Fear and anger pervade rural areas in and around Larkana where the spread of HIV/AIDS has assumed epidemic proportions. In an appalling incident on Wednesday, a man in Gharo Rind village strangled his HIV positive wife to death and hanged her body on a tr
Published June 1, 2019

Fear and anger pervade rural areas in and around Larkana where the spread of HIV/AIDS has assumed epidemic proportions. In an appalling incident on Wednesday, a man in Gharo Rind village strangled his HIV positive wife to death and hanged her body on a tree outside his home, accusing her of having contracted the virus in an extra-marital affair. Since the outbreak was first reported in the last week of April, a major screening programme has been under way. In Ratodero alone, 707 persons have been diagnosed with HIV positive, 580 of them children. Such a high incidence of the virus among children is believed to have been caused by an HIV positive paediatrician using tinted syringes either due to negligence or malicious intent.

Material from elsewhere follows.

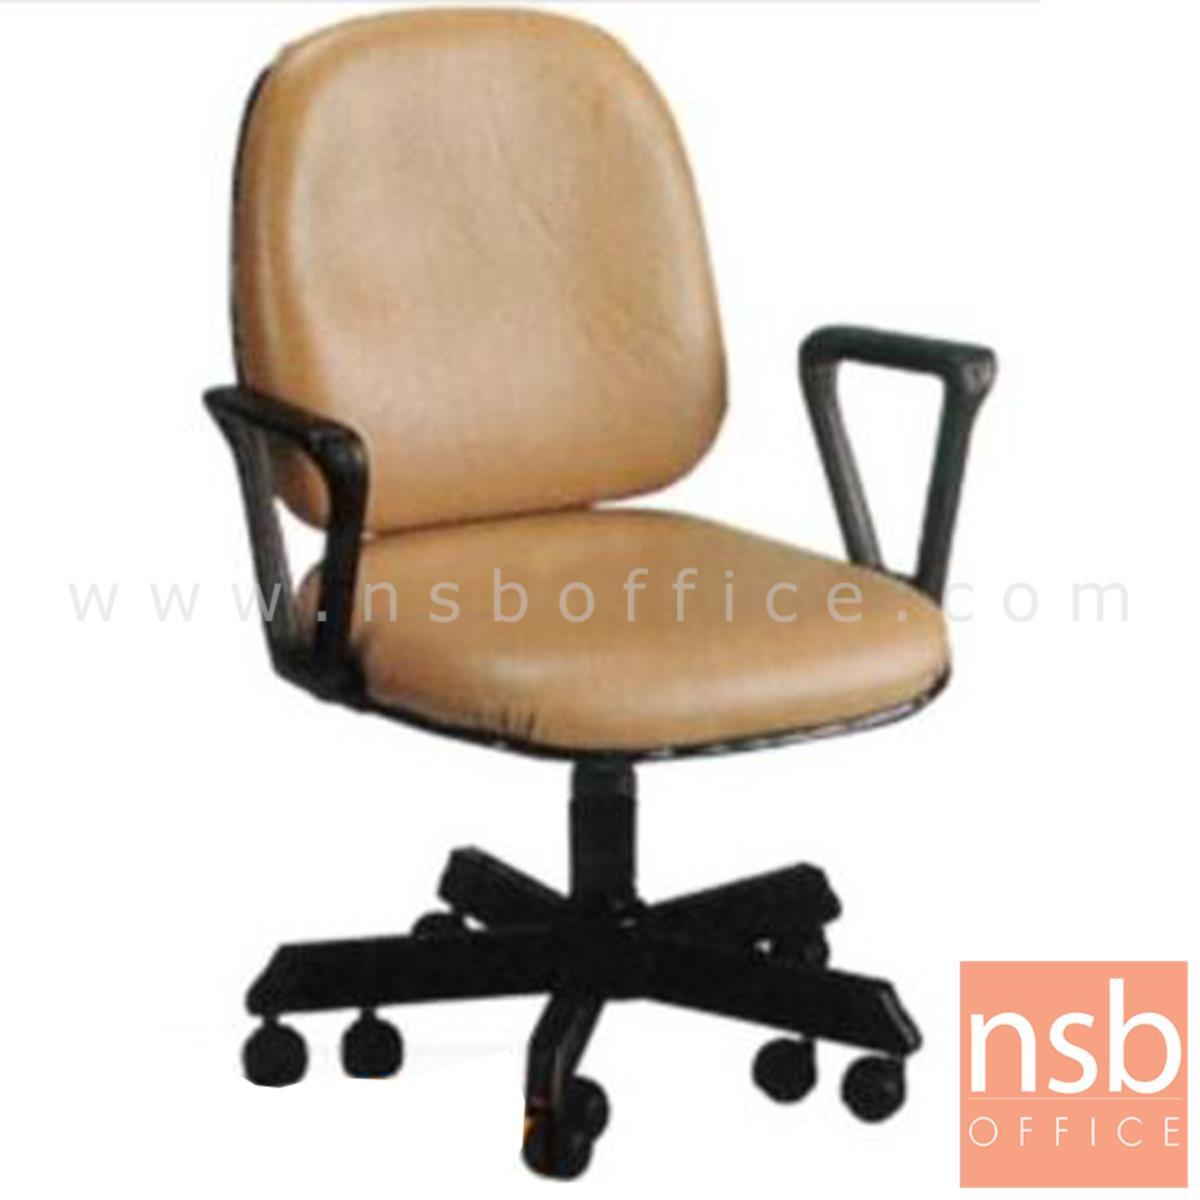 B14A019:เก้าอี้สำนักงาน รุ่น Stoffer  ขาเหล็ก 10 ล้อ

A few days ago, in his first formal response to the bad news emanating from the Larkana district, PPP Chairman Bilawal Bhutto Zardari visited a blood screening centre in Ratodero. There, he announced setting up of an endowment fund to ensure free and lifelong treatment of people with HIV/ AIDS in Sindh. An anti-retroviral treatment clinic for children has been set up in Larkana. That is all very well, but unlike some other issues confronting the provincial government this one allows no room for complacency. All concerned must ensure those infected would have easy access to antiretroviral medicines, also creating awareness about the causes of the infection. It is a huge challenge that must not be viewed through the prism of partisan politics.
The PPP chairman may have had reason to term 'controversial' a federal minister's statement on HIV/AIDS among children in Sindh. It is good to note, however, that the special assistant to the prime minister on health, Dr Zafar Mirza, has refrained from playing any blame game. He has not pretended to have all the answers, either, approaching instead the World Health Organization (WHO) with a request for a team of experts to visit the areas frequently reporting HIV cases. For the first time a WHO team of experts from different fields such an epidemiology, emergency response management HIV/AIDS clinical care, infection prevention and control has been in Pakistan to investigate HIV incidence in this region. Its task is to ascertain the source of the outbreak and curb it, provide technical expertise regarding HIV testing, paediatric HIV treatment and family counselling; and ensuring adequate supplies of rapid diagnostic tests and antiretroviral medicines both adults and children. That should also help better deal with the disease spreading at an alarming rate in other parts of the country as well, especially among intravenous drug users and sex workers. Distressingly, according to a UN report, Pakistan currently has the second fastest growing HIV rate across Asia.